Facts: Student Government sponsored the Think outside the Brick competition to promote environmental awareness. The team that presented a project for a “solar-powered gazebo” won the competition.
Our Opinion: If the project has already been approved and funding has been given to the team, the University Architect, Lisa Johnson, should help the students get in the right direction to get the solar gazebo built on campus. Everyone involved is working to enhance the beauty of the campus and provide a service for students, so there should be little debate or delay.
Last year the Think Outside the Brick competition awarded Lauren Morris and Katie McKnight a $1,000 grant to found the SOUL Garden, a community garden project for the N.C. State campus. They presented their proposal to the University Architect’s office and were prompted with the task of finding a place to put it. After months of denials for conspicuous locations, the SOUL Garden finally found a plot of land near Lake Raleigh. Through the woods. Behind the lake.
This should not happen to this year’s winners who have proposed to build a solar-powered gazebo so students and visitors can sit outside and use their laptops without being cooped up inside. With the University’s push for a Sustainability Strategic and Tactical Plan, the University architect, Lisa Johnson, should be looking past the possible inconvenience and help these students get their project off paper and onto the campus.

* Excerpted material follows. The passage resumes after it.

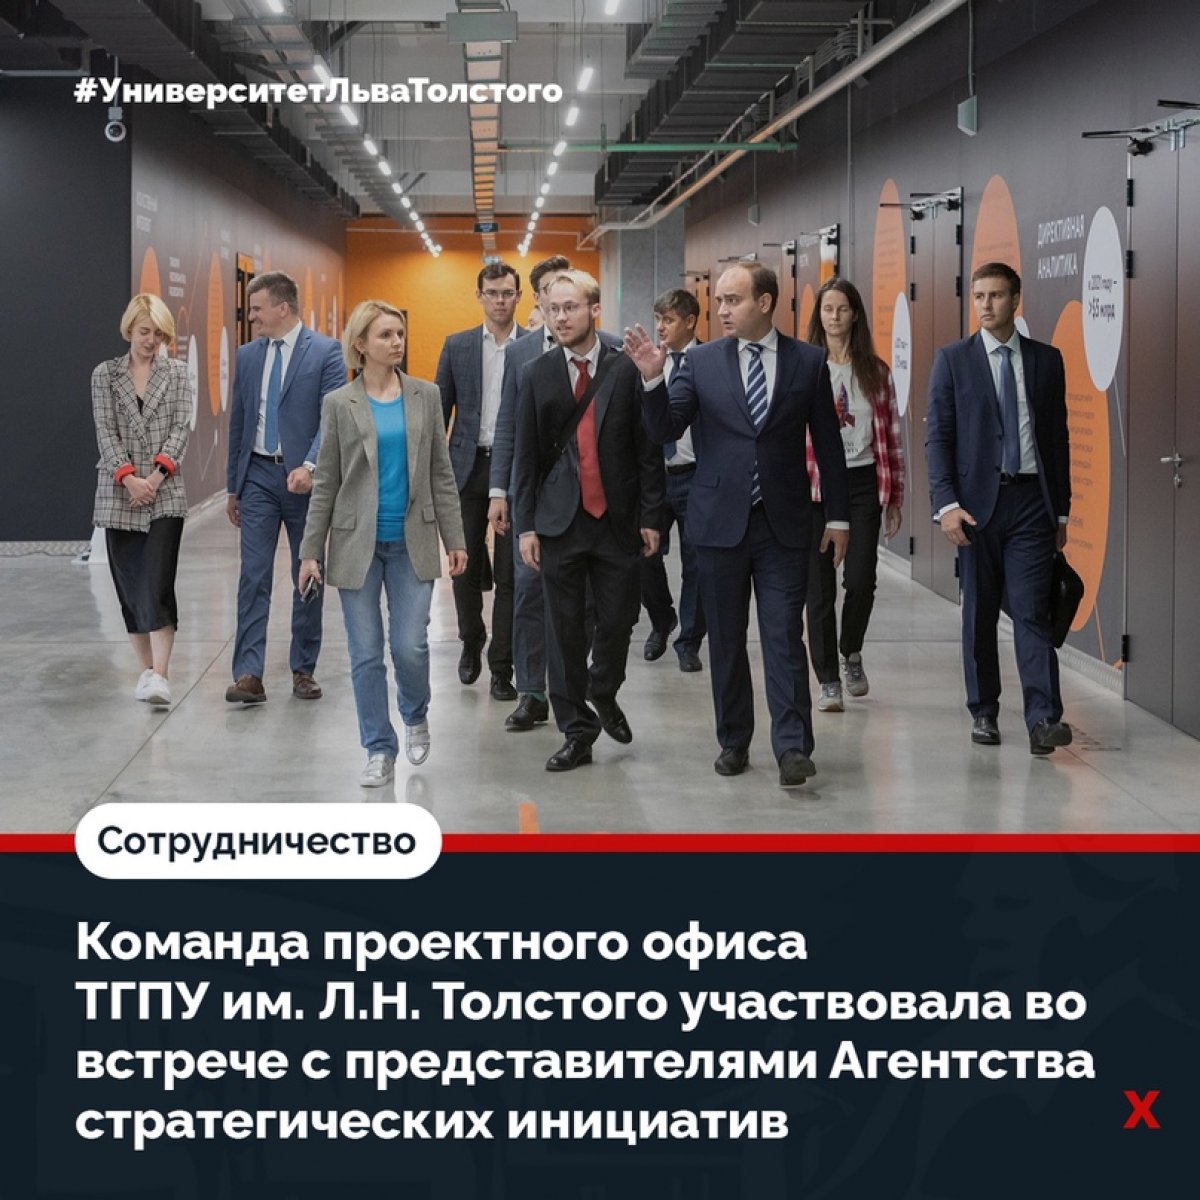 Команда проектного офиса ТГПУ им. Л.Н, Толстого участвовала во встрече с представителями Агентства стратегических инициатив и молодыми предпринимателями Тульской области 🖇

The first winner was left in the dark because of its unconventional use of “green space” on campus, but the gazebo would fit in with the conventional landscape with little interruptions to the green area. It would provide another gathering space for students along the “series of neighborhoods” on campus, while giving students extra incentives to go outdoors even when they have to do homework on their laptops.
One of the main goals of the project was to make the gazebo visible, so students could use and learn from it. Johnson, with her passionate vision of the University’s master plan, should see the merits of showcasing the progressive nature of solar power on a simple structure, just as the University likes to tout the Solar House, and see it as being a gathering place for students outdoors. It will accomplish all of the objectives of the master plan and go towards the sustainability tactical plan.
Johnson wants “green space” on campus to be “organized around attractive, lively open places and developed that invite human interaction and communication,” and this project certainly surpasses those expectations. At this point, the students who have developed the project now need her help to get it off the page. Johnson should work with them to help make their vision a reality, because they are all trying to accomplish the same goal.